A 12-year-old boy is brought in by EMS with a single stab wound to the right lower-anterior chest. He is alert and oriented, but noted to be tachycardic, borderline hypotensive, and agitated. During your primary survey, you note that his airway is intact. Breath sounds on the left are normal, but there is no air movement on the right. There is a small laceration to the right anterior chest. Peripheral pulses are present but thready, and capillary refill is noted to be 4 to 5 seconds. You place the patient on supplemental oxygen and obtain IV access with 2 large-bore lines. The patient begins to decompensate and becomes anxious and combative. His blood pressure is now 62/30 mm Hg. What are the immediate life-threatening conditions you need to consider? What tools do you have at your disposal to make an appropriate diagnosis? As your heart races, you consider the possibility of a tension pneumothorax and life-threatening intrathoracic or intra-abdominal bleeding. Do you place a surgical thoracostomy tube? A pigtail catheter? Transfuse blood? What life-saving maneuvers should you perform immediately?
A 15-year-old boy then presents for evaluation of acute-onset chest pain and shortness of breath. The patient states that he felt sudden, sharp, right-sided chest pain in class an hour ago. The patient denies fever, upper respiratory symptoms, cough, nausea, vomiting, or diarrhea. There is no report of travel or trauma. The patient does report frequent marijuana and cigarette smoking. His vital signs are: heart rate, 94 beats/min; blood pressure, 112/70 mm Hg; respiratory rate, 18 breaths/min; and oxygen saturation, 97% on room air. Lung sounds are slightly diminished on the right. You send the patient for a chest x-ray and begin to consider management options. Are there other aspects of the history you should obtain? Should you order a chest CT to look for blebs or other malformations? Should you order screening labs or place a thoracostomy tube or a pigtail catheter? Should you admit this patient?
A pneumothorax is the pathologic collection of air within the pleural space, which is a potential space between the visceral and pleural lining. A pneumothorax can be the result of a spontaneous perforation of the lung parenchyma, chest wall trauma, disruption of the bronchotracheal tree, or, rarely, it may be iatrogenic in nature. A pneumothorax represents many different disease entities that may vary greatly in severity. Pneumothoraces are classically divided into 2 distinct categories: spontaneous and secondary. Spontaneous pneumothoraces, are idiopathic, without obvious cause. Secondary pneumothoraces occur in the setting of trauma or an underlying condition, or they may be iatrogenically induced in patients after thoracic surgery, placement of a central venous catheter, or intubation.

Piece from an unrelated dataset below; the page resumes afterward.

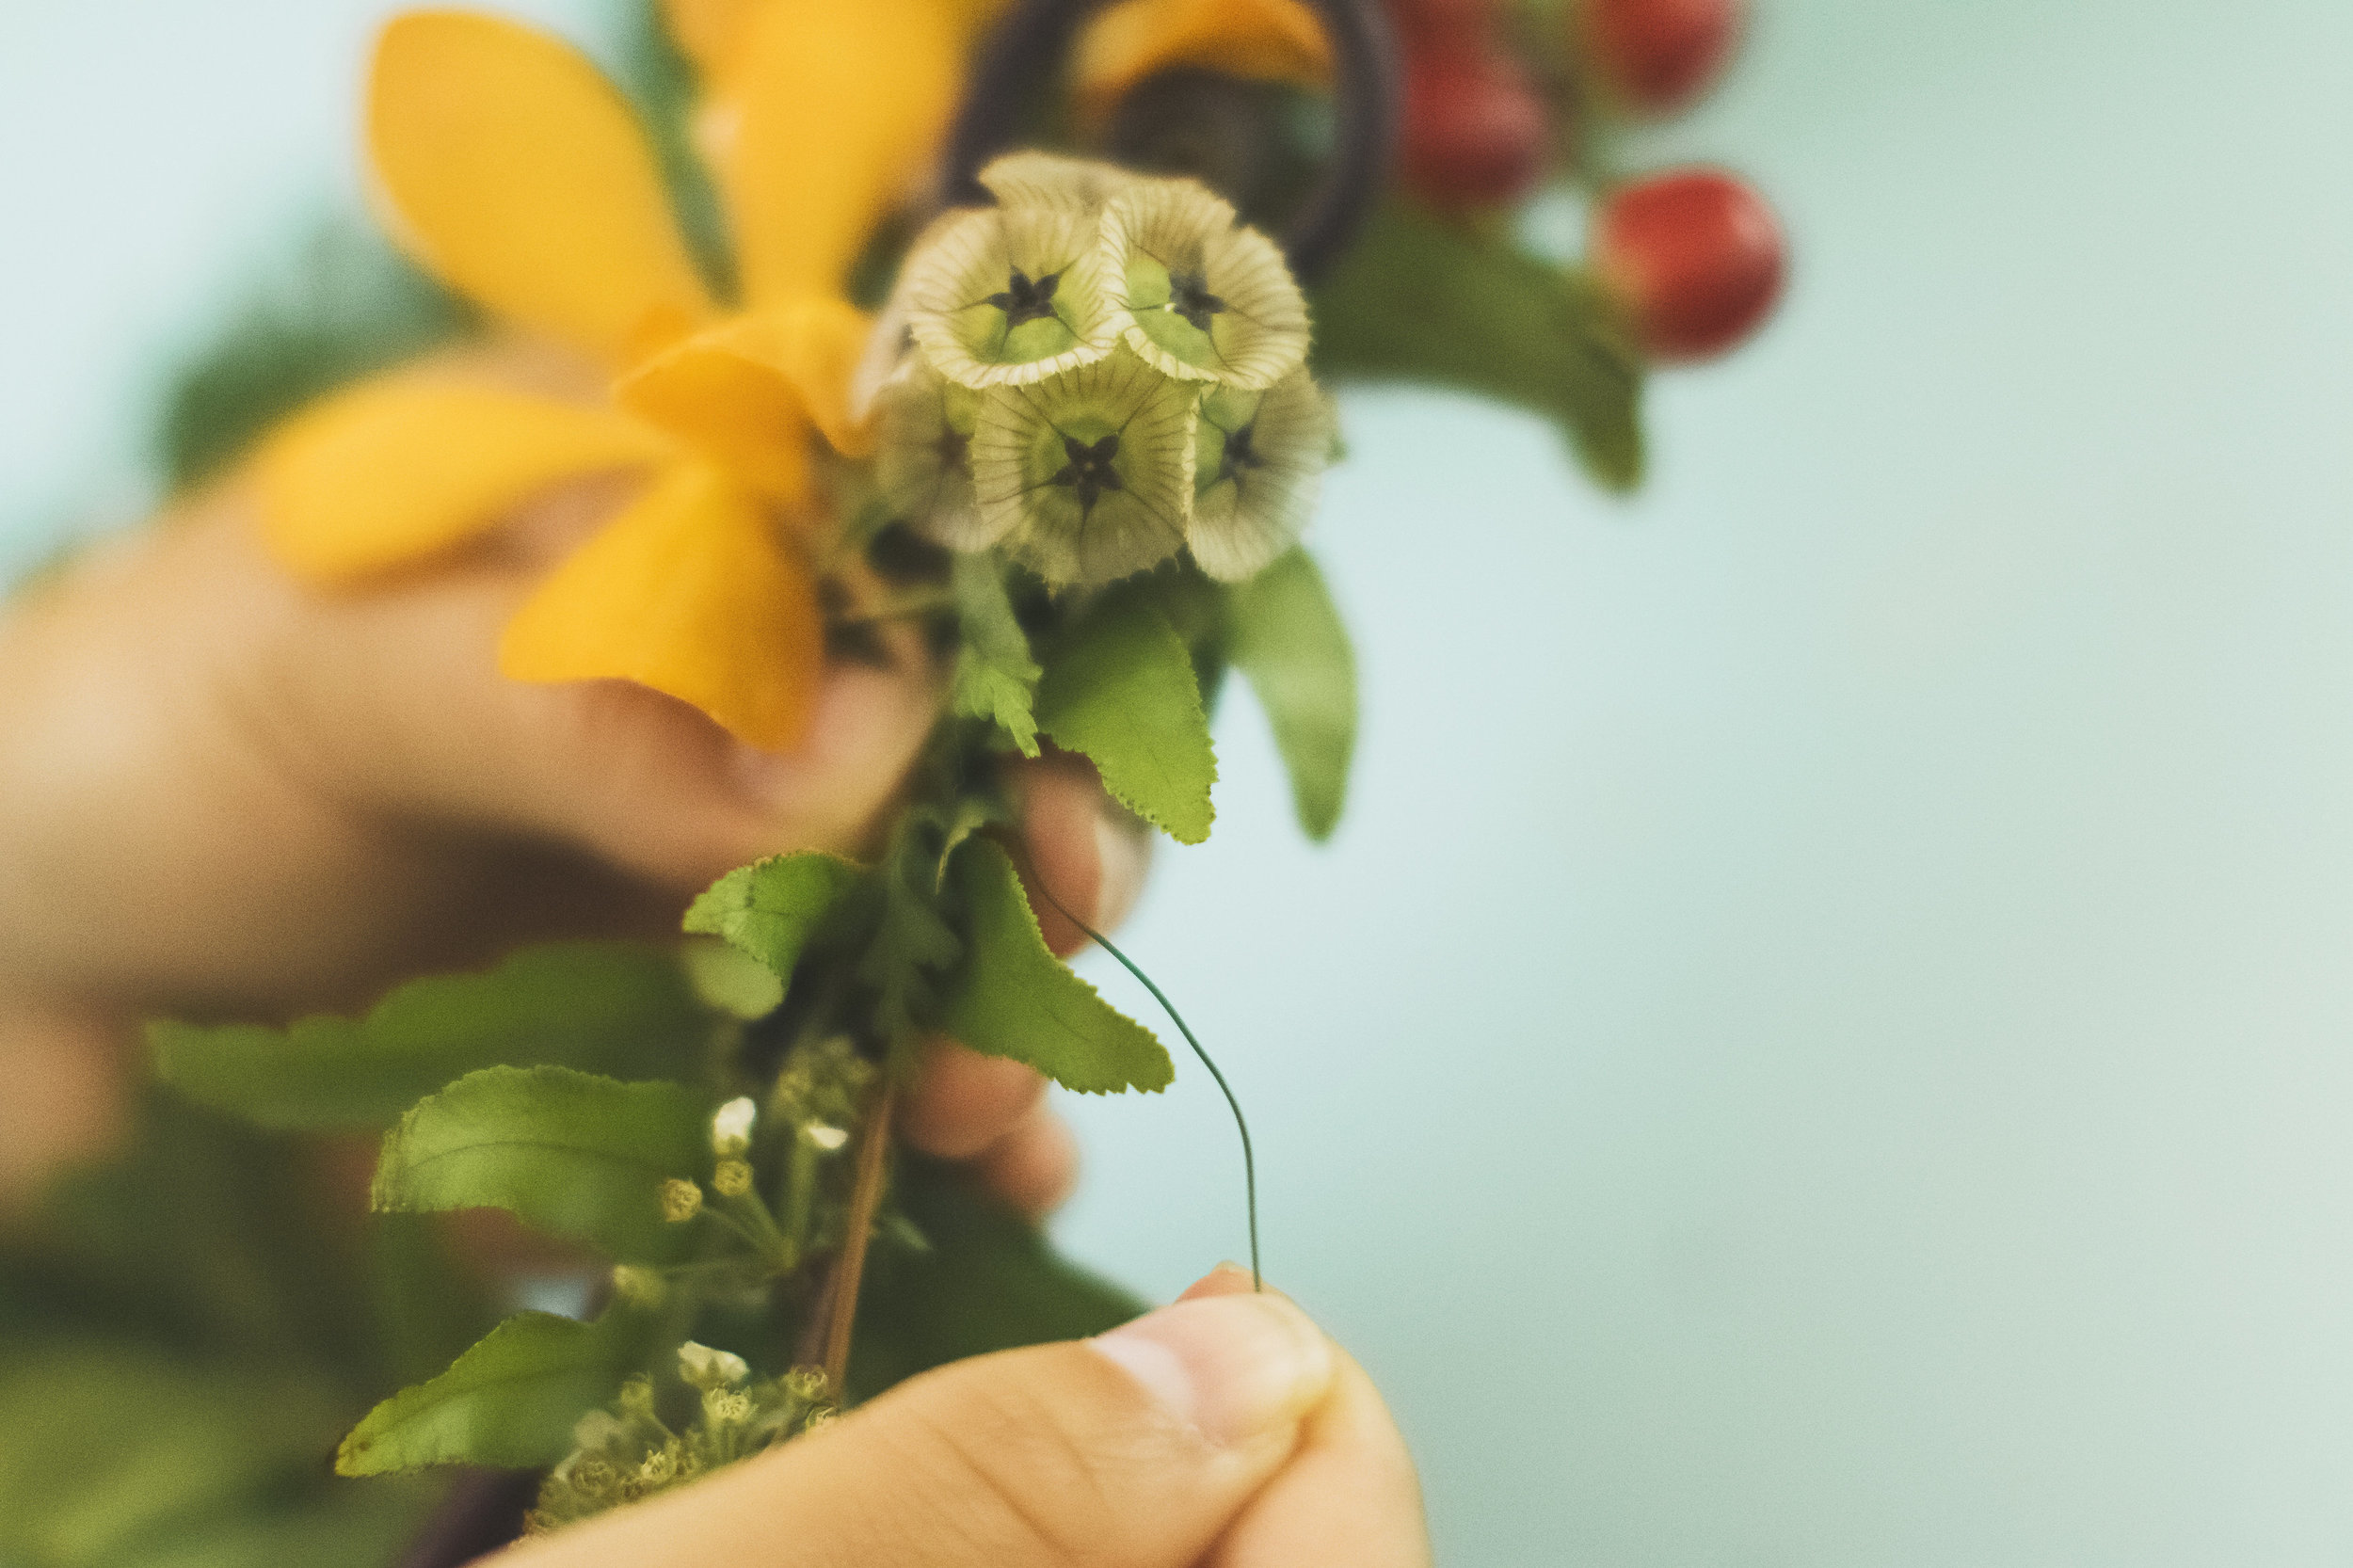 angie-diaz-photography-diy-flower-crown-tutorial-17.jpg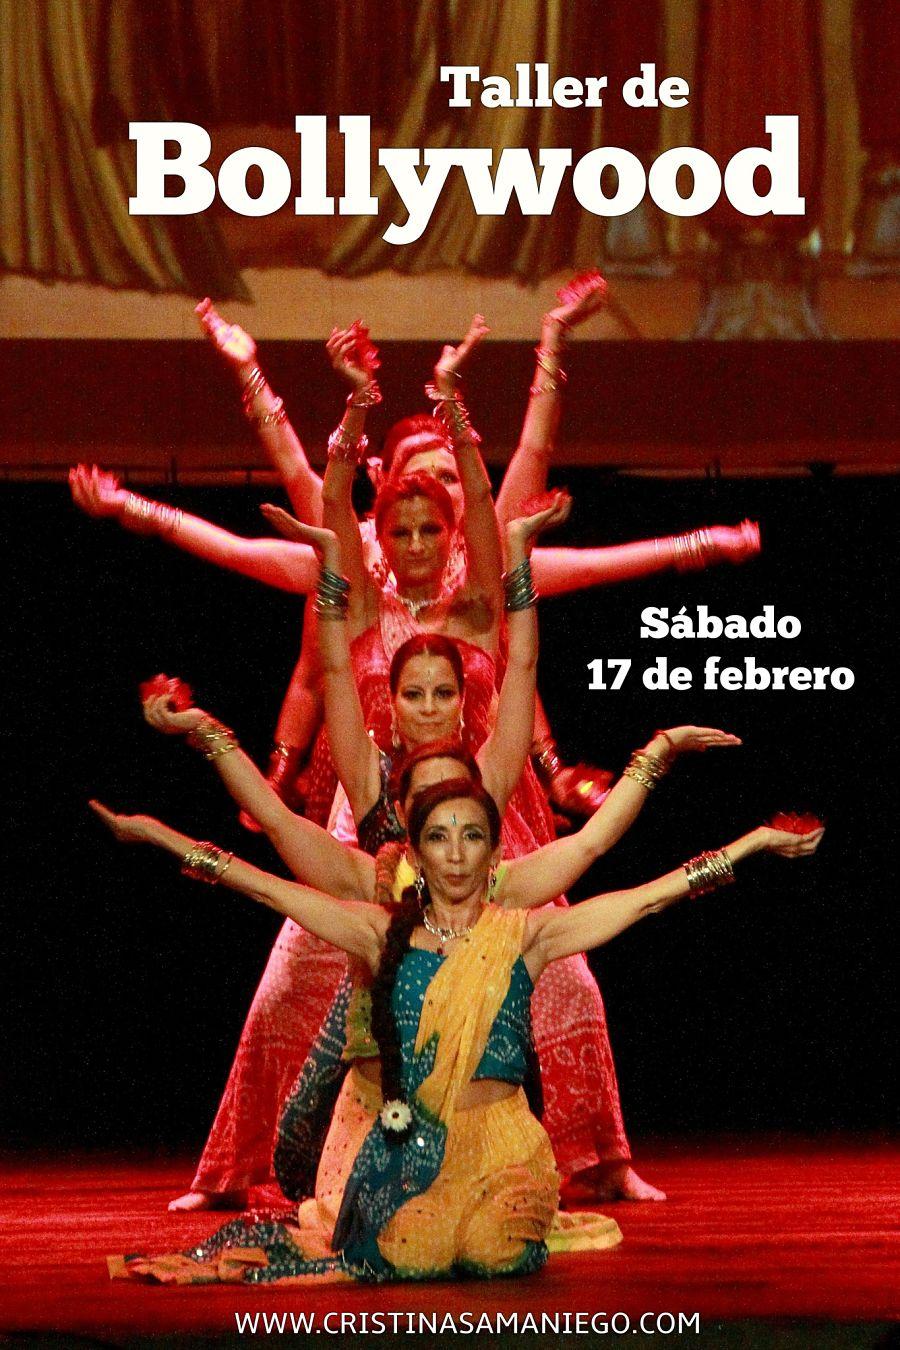 Taller de Bollywood con Cristina Samaniego el 17 de Febrero

Most data regarding the management of pneumothorax in the pediatric population are extrapolated from literature that evaluates primarily adult patients, with few papers and no randomized controlled trials evaluating pediatric patients or producing pediatric management guidelines.1 There are no standardized guidelines promoting specific diagnostic modalities or therapeutic interventions for children with pneumothorax; however, early identification and appropriate management can reduce morbidity and mortality. In this issue of Pediatric Emergency Medicine Practice, the epidemiology, pathophysiology, diagnosis, and management of pneumothorax as relevant to practice in the emergency department (ED) are reviewed.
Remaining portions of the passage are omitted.